Benefiting from declining prices in intermediate products like steel and lumber, the Eurozone's Producer Price Index (PPI) for July decreased by 0.5% month-on-month and 7.6% year-on-year, both in line with expectations.

On Tuesday, September 5th, the European Union's statistical office reported that the Eurozone's PPI for July decreased by 7.6% year-on-year, meeting expectations. This marks a decline from the 3.4% drop in June and represents the seventh consecutive monthly decrease.

Month-on-month, the PPI fell by 0.5%, a steeper decline than the 0.4% drop seen in the previous month. Analysts believe that this seven-month slide in PPI might somewhat alleviate pressures on the European Central Bank (ECB).

Excluding energy, the Eurozone's PPI growth rate slowed to 1.6% in July from 2.5% in June.

A closer look reveals that the main contributors to the month-on-month decline in the Eurozone's PPI for July were a 1.2% drop in prices for intermediate products like steel, sugar, and lumber, and a 0.9% decrease in energy costs. Prices for capital goods, such as machinery, tools, or buildings, and durable consumer goods rose by 0.2%, while non-durable consumer goods saw a 0.1% increase.

The countries with the most significant monthly declines in industrial producer prices were Ireland (-8.1%), the Netherlands (-2.6%), and Sweden (-1.8%). In contrast, the countries with the most significant increases were Latvia (+2.2%), Slovakia (+1.7%), and Croatia (+1.3%).

Since ending its eight-year era of negative interest rates last July, the European Central Bank has raised interest rates nine times in succession, accumulating a total increase of 425 basis points. Debates over rate hikes within the ECB have intensified.

The Eurozone's harmonized CPI for August increased by 5.3%, surpassing expectations. However, core inflation dropped from 5.5% in July to 5.3% in August. Analysts widely believe that the Eurozone's sluggish economy, combined with stubborn inflation, has put the ECB in a difficult position.

Divergence on Rate Hikes Within the ECB

On September 4th, ECB Executive Board member Wunsch indicated that the ECB might need to hike rates further to combat inflation. He expects the inflation target to be around 2% by 2025, suggesting that discussions about halting rate hikes are premature.

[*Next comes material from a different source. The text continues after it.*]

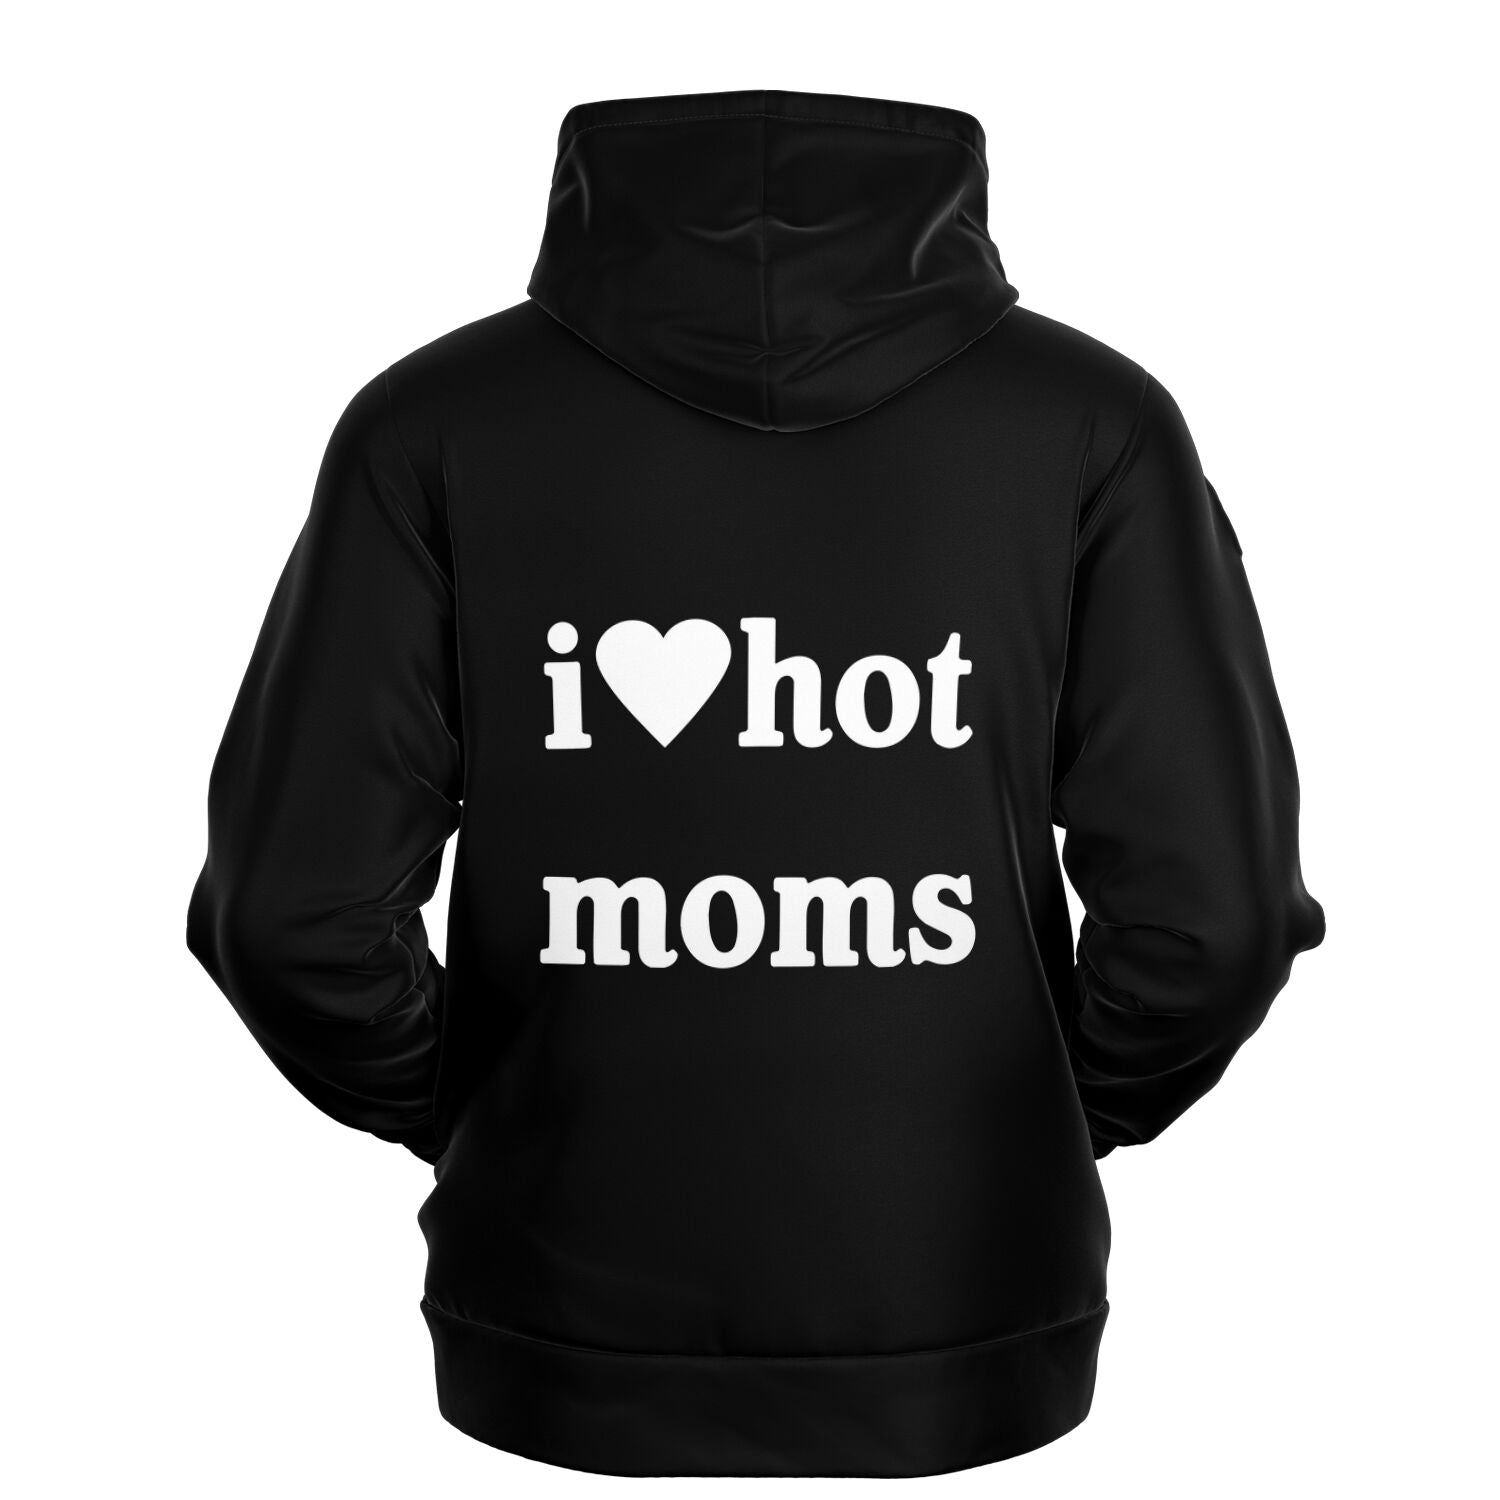 I Love Hot Moms Hoodie
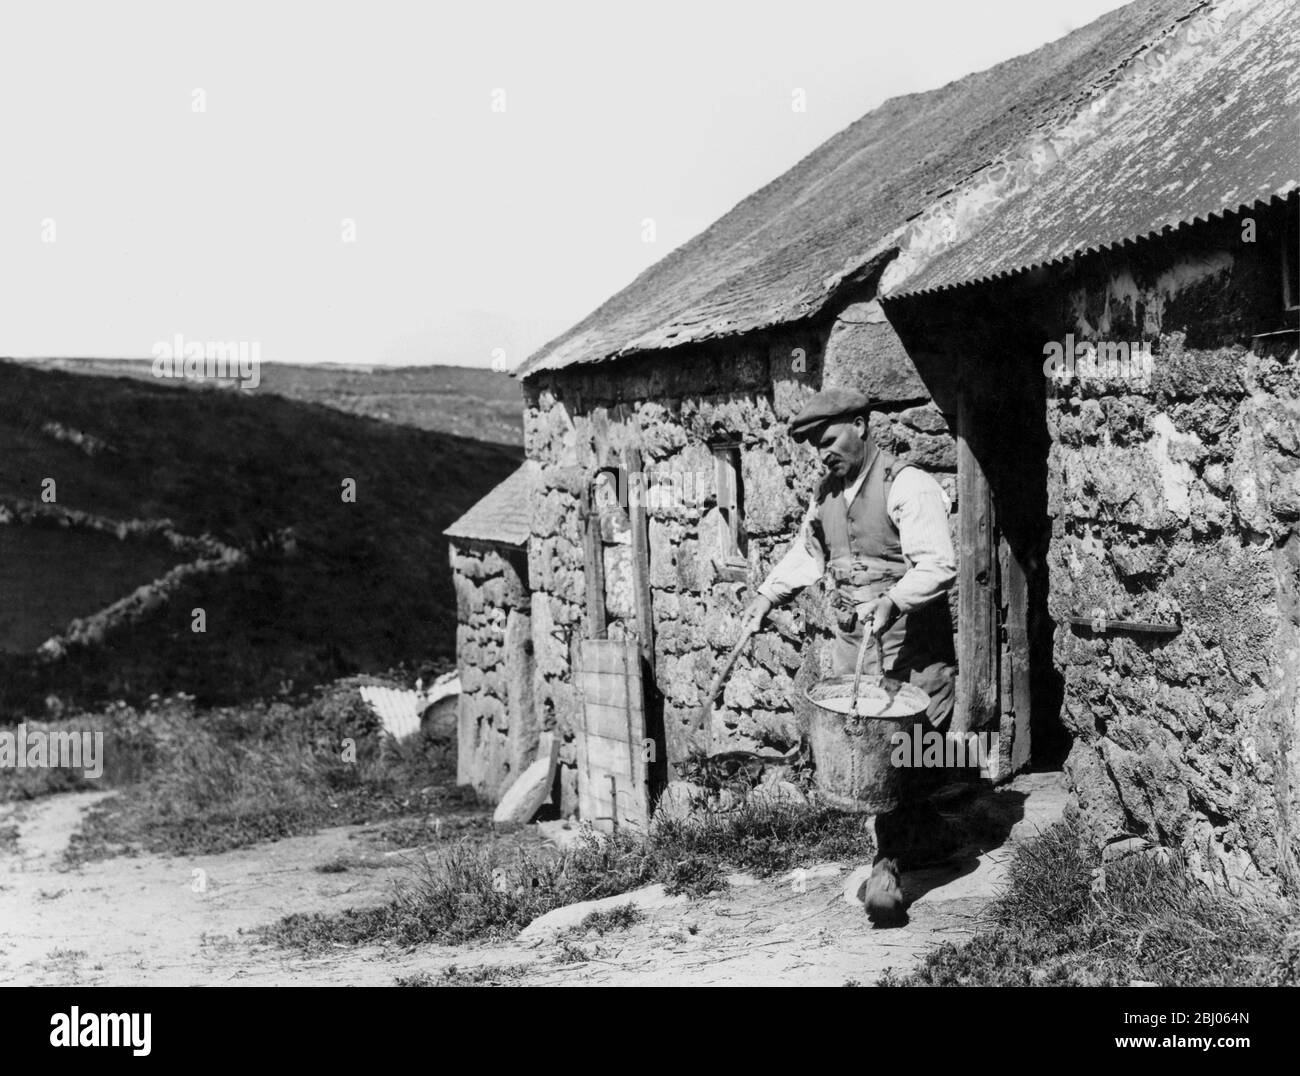 Un agricultor de la colina que sacaba un cubo de sarva de cerdo, Cornwall 1936. - los años treinta fueron un mal momento para la cultura agrícola inglesa; muchos escritores comentaron sobre el edificio de Tumbledown y campos abandonados, infestados de malezas. Foto de stock

Robert Holzmann, a member of the ECB's Governing Council and the head of Austria's central bank, stated in late August that the ECB hasn't defeated inflation yet. Barring unforeseen circumstances, another rate hike might be necessary in September. He believes that reaching the peak interest rate sooner means the ECB can start cutting rates earlier. A rate path that alternates between hikes and pauses is harder for the market to digest. Regarding whether rate hikes might continue after September, he mentioned that once rates reach 4%, the topic would be revisited.

Last week, Joachim Nagel, the head of Germany's central bank, and Martins Kazaks, the head of Latvia's central bank, both expressed similar views, leaning towards another rate hike.

However, Nagel refrained from explicitly indicating his stance on a potential rate hike in September. "I won't signal here what we'll do in September. We'll wait for the data. That was the consensus we reached in our July meeting. Once the ECB completes its rate hikes, it might need to maintain high rates to let them fully impact the economy."

Representing the dovish side, Mario Centeno, the head of Portugal's central bank, noted that emerging downside risks warrant caution.